If Atrophy Is an Issue, Make a Separate Appointment to Discuss It
Often a patient will come for her annual “well woman” visit with 10 or 12 issues she wants to discuss. When I explain that there is not enough time to deal with all the problems in one visit and that another appointment needs to be made, sometimes I get an unhappy patient. I understand. You’ve taken time off from work, parked, and paid your copay. An additional visit is not only inconvenient but also expensive. But there simply isn’t time to adequately address the complexities of these gynecological issues at the time of your annual exam, and they can’t—and shouldn’t—be quickly tagged onto your routine visit.
Many women are reluctant to make an additional appointment, since their insurance may cover only “well woman” visits and not “problem” visits. But face it, you are having a problem! You deserve and need more time. Your doctor is going to take the time to evaluate and treat the problem if that is specifically why you’ve made an appointment to see him or her. If it is important enough to you to mention the problem, give yourself permission to go for another appointment.
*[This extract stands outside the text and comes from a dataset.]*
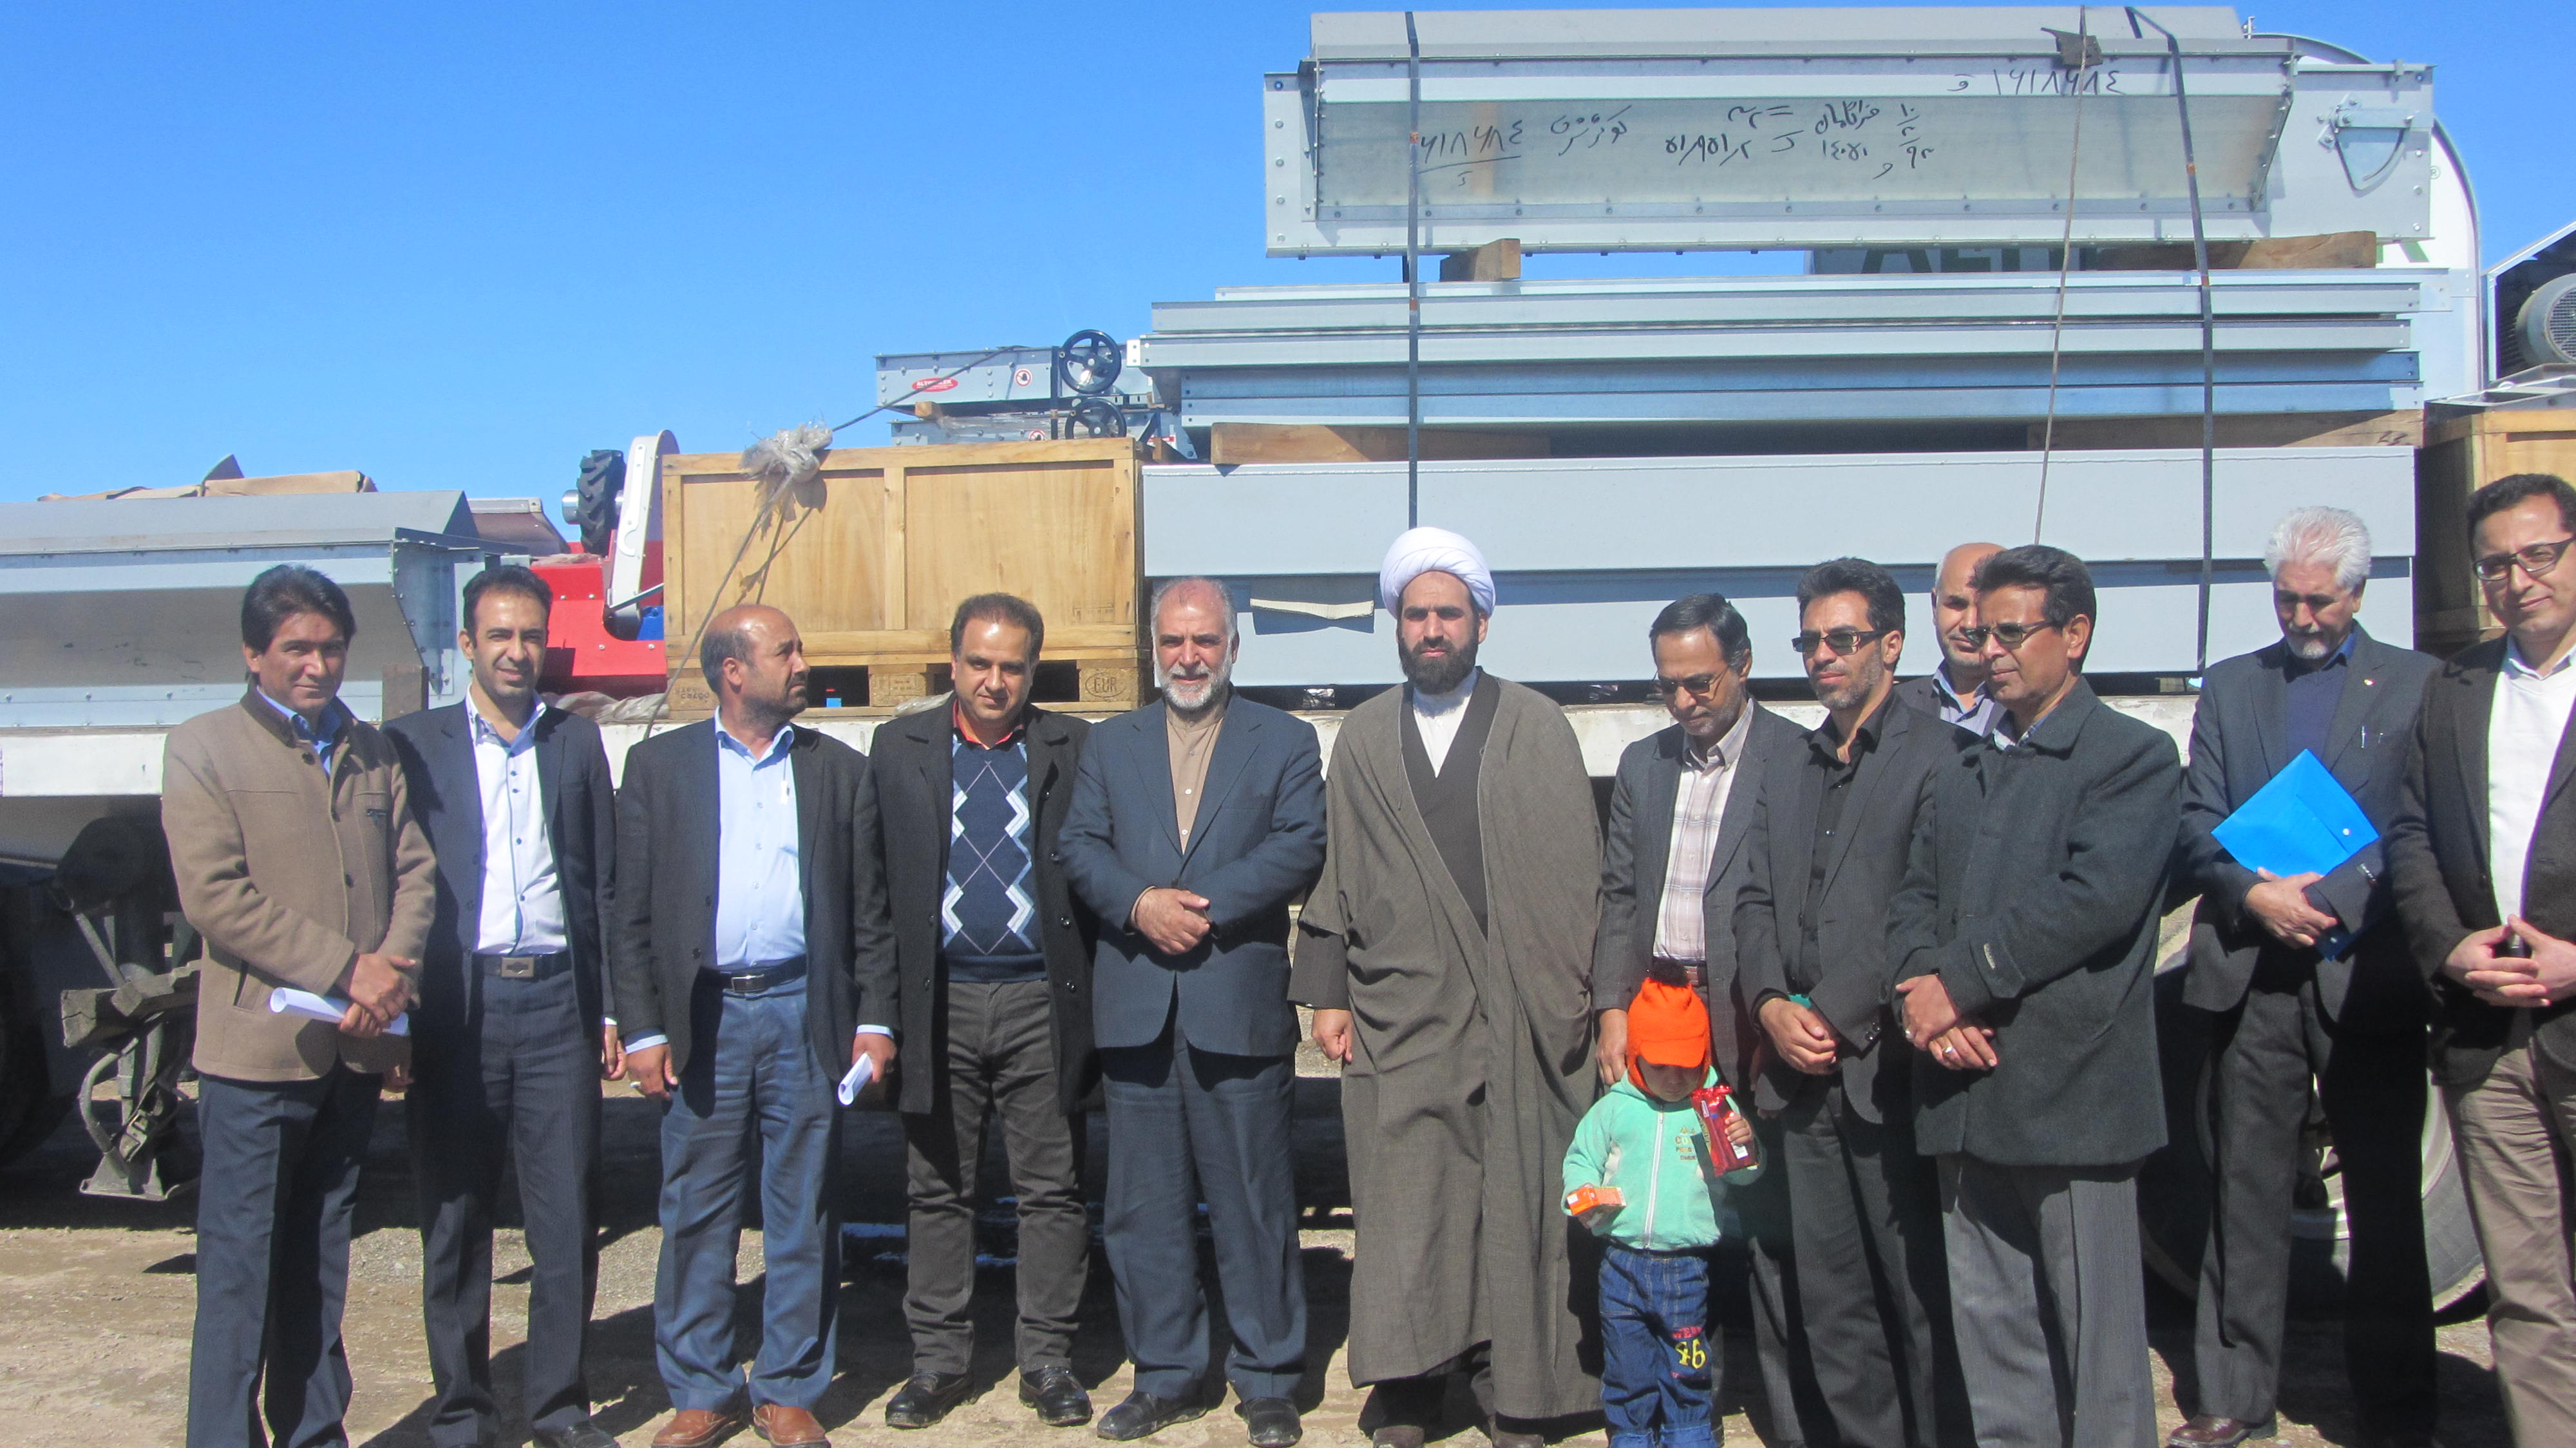 مراسم سخنراني حجت الاسلام مهدي زاده در اغاز عمليات و نصب تجهيزات سيلوي گندم

Consider Seeing a Sexual Health or Menopause Specialist, Even if Your Insurance Doesn’t Cover It
While good health care is our right and I believe every man and woman should have access to a doctor who can help them, sometimes the care you need is not available within the limitations of your health care plan. If you really feel that you can’t discuss your issues with your current doctor, or if your doctor seems truly clueless or embarrassed when you bring them up, bite the bullet and spend the money to see an expert, even if that person is not covered by your insurance plan.
You spend far more annually on the person who fixes your hair than you will pay to see someone who can fix your vagina. Trust me. Even if you have to do a lot of research or travel a great deal to find the right expert, it is likely that you will need only one or two consultations. And you do not need to end your relationship with your regular gynecologist, whom you can continue to see for routine visits.
Make a List
It’s always easier to come up with a list of concerns when you are lying in bed at 3:00 AM than when sitting on an exam table wearing a silly paper gown. So, whether it is an annual exam or a visit with a specialist, make a list of what you are worried about before your visit.
When you see your doctor, you can start by saying, “I have some specific concerns, so I jotted down my questions.” If you can’t manage to spit it out, just hand the doctor the list. This happens more often than you would think. But keep the list short and specific. For example, “Sometimes when I have intercourse it seems dry. What options do I have?” Don’t whip out a three-page list containing every symptom you’ve ever had in the history of your life, as in: “Four months ago I had a pain in my stomach during sex. It hasn’t happened since, but I was wondering what caused it?” Be as clear and concise as possible as you list any symptoms that you’ve had recently and repeatedly.
If All Else Fails . . .
If you have a hard time talking to your doctor about your sexual issue and you don’t have the option of seeing another practitioner, I hope that this book at least will have helped you identify your issues and given you ways to fix them. If you think you need to see a pelvic physical therapist, ask your doctor for a referral. If you need a prescription for a local estrogen, just ask for the one you want. Most likely, your doctor will just give you the referral and the prescription, no questions asked. You’re welcome!